Из-за побывки в КПЗ и двухгодичного перерыва (1944 – 1946 год) начало учебы было затруднительным. Спасибо Льву Корчемкину, который каждый день после учебы и скудного обеда сидел со мной в библиотеке, помогая усвоить проходимый учебный материал. Помог мне учиться т.к. как многие из-за голода оставили институт, помог мне и спорт. Когда при румынской власти я учился 3 года в гимназии, учителем физкультуры был молодой преподаватель, который окончил американский спортивный колледж. Все занятия физкультуры были – баскетбол. За эти годы усвоил технические приемы игры: пошли броски по кольцу, дриблинг, передачи. Когда в Тюменском пединституте на первом занятии физкультуры преподаватель расспрашивал студентов каким видом спорта они занимались, я сказал, что занимался баскетболом, хотя 6 лет мяч в руках не держал. За сборную института играл на первенстве города и области. На втором курсе был включен в состав сборной области и стал получать талоны на питание, что для меня было большим подспорьем. Как член сборной области я должен был участвовать в первенстве РСФСР, и быть в разных городах, а у меня с этим были проблемы т.к. у меня не было паспорта. Об этом тренер команды поделился с членом сборной области по баскетболу, членом команды «Динамо», полковником Баржиным. Состоялся разговор с Баржиным, и он мне велел принести 4 фотографии для документов. Через несколько тренировок он мне передал паспорт и военный билет, и я уже мог спокойно участвовать в первенстве РСФСР. С учебой у меня проблем не было, я уверенно переходил из курса на курс. С большой теплотой вспоминаю коллектив работников промартели (сапожников, швей, столяров, парикмахеров, работников кирпичного завода лесоучастка). Мы, я и брат, евреи административно-ссыльных не слышали ни одного оскорбительного слова, только уважительное отношение.

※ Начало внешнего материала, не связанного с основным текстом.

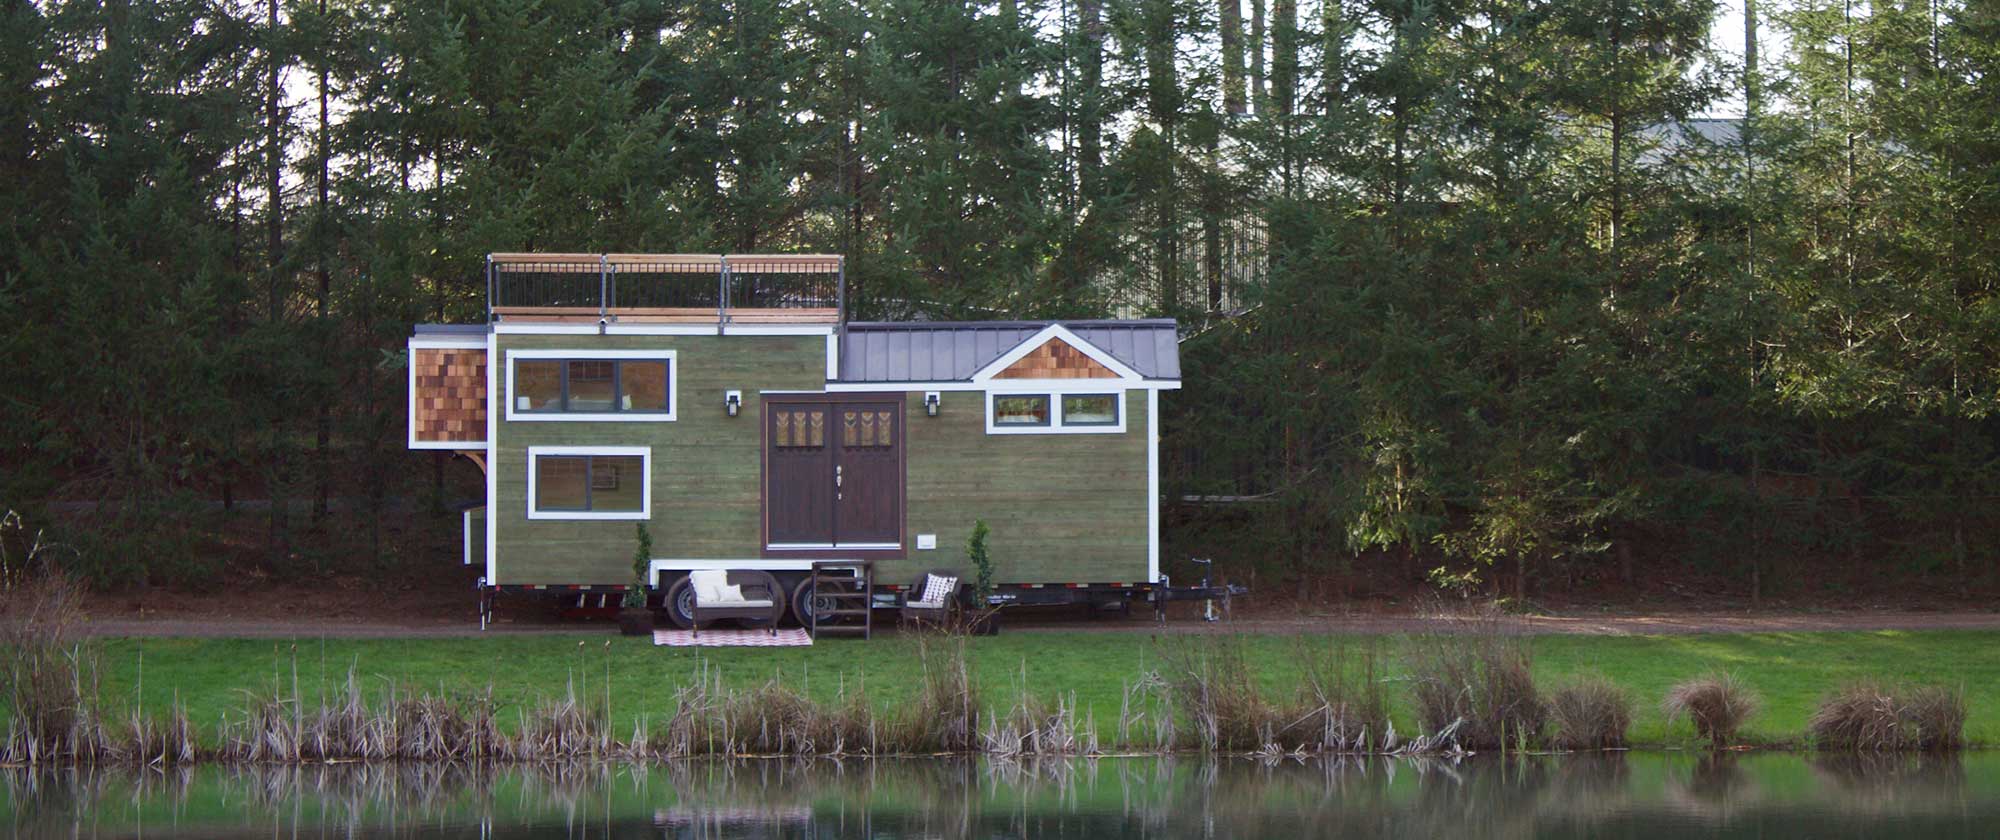 A lovely craftsman tiny house situated by a lake

Окончание учебы в институте и начало работы учителем.

После одной из последних тренировок полковник Баржин вызвался подвезти нас, баскетболистов, живущих в общежитии к месту проживания. Я жил в комнате с Володей Ващенко. Он попросил его подождать в коридоре, так как он хочет со мной поговорить. Полковник сказал мне, что паспорт и военный билет он оформил и передал мне под свою ответственность и что по окончании института эти документы я должен ему вернуть. Я документы ему вернул, поблагодарил за доверие. Мы тепло обнялись, попрощались и он высказал теплые пожелания.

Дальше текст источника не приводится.